Eric Victor Rodwell (born May 1, 1957) is an American professional bridge player. He has won the Bermuda Bowl representing the United States five times and is one of ten players who have won the triple crown of bridge: the Bermuda Bowl, the World Open Pairs and the World Team Olympiad.

Personal life
Rodwell was born in San Francisco, California and his family moved to West Lafayette, Indiana in 1965 where his father was a professor of biochemistry at Purdue University. He started playing bridge at the age of eleven by reading books and playing with his parents. Rodwell graduated from West Lafayette High School in 1974 and attended Purdue, graduating with a master's degree in finance in 1981.  Rodwell is currently a full-time bridge professional and lives in Clearwater Beach, Florida with his wife Donna; each has two children from previous marriages, his being twins Jeffrey and Sara (b. 1984).

Bridge career
For decades Rodwell has been in a regular partnership with Jeff Meckstroth, and "Meckwell", for their surnames, is one of the most successful pairs of all time. They are well known for playing an aggressive and very detailed system called RM Precision (for Rodwell-Meckstroth), of which Rodwell is the principal theorist and author. Although he first learned basic Precision at the age of 14, he didn't get serious about developing his own version until 1982 after he and Meckstroth were already winning. Most of RM Precision was developed subsequently in the early '80s with adaptations following more slowly thereafter. As a bidding theorist, Rodwell has created several conventions and methods including the support double, conventional transfers in many situations, the pass-double inversion and the serious three notrump.  Although the Unusual Major Jumps Over One Diamond Opening convention (UMJOODO) is often credited to him, he denies inventing it.

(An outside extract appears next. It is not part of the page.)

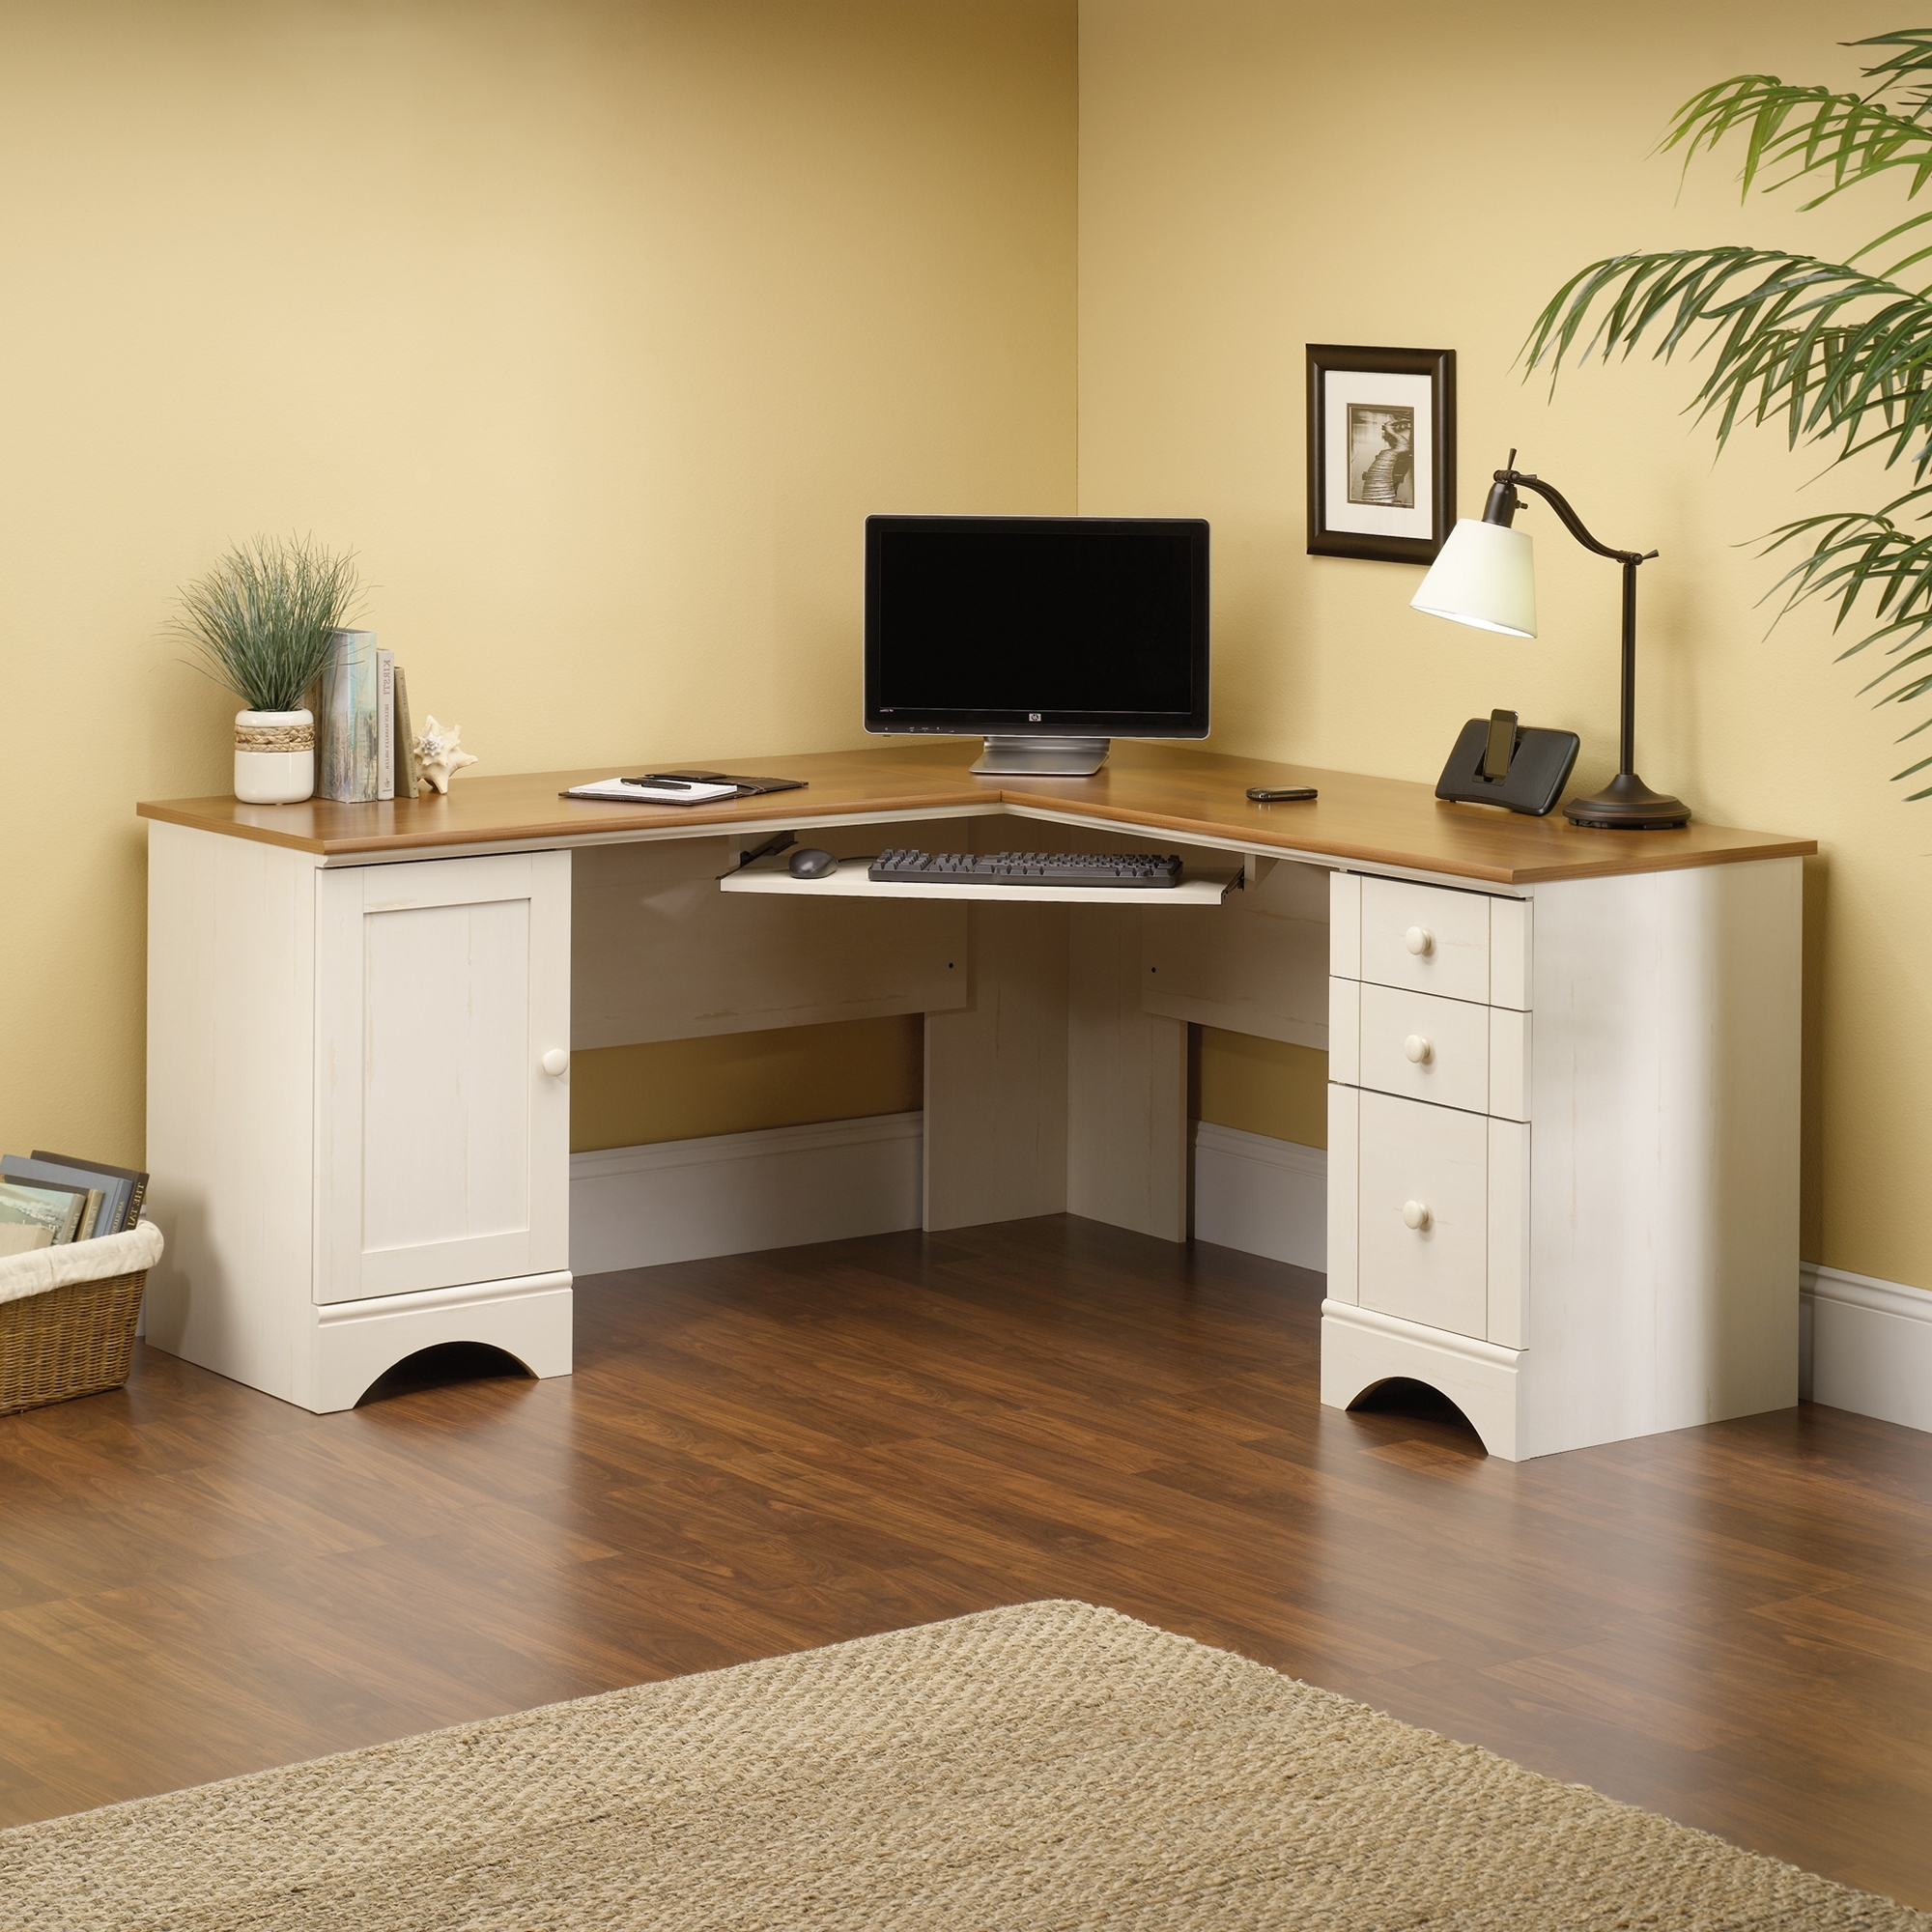 Antique Computer Desks With Recent Harbor View Corner Computer Desk (403793) – Sauder (View 13 of 20)

Although he has not actively pursued masterpoints as a goal, he is one of the all-time top masterpoint holders in the American Contract Bridge League, and won the Barry Crane Trophy for winning the most masterpoints in a year in 2004.  Possibly his most remarkable achievement was at the ACBL's 2008 fall championships, where with four major events available to be contested, he won three (Open Board-A-Match Teams, Blue Ribbon Pairs, Reisinger Teams) and finished second in the fourth (Life Master Open Pairs).  The three wins were with Jeff Meckstroth, and the second place with John Diamond.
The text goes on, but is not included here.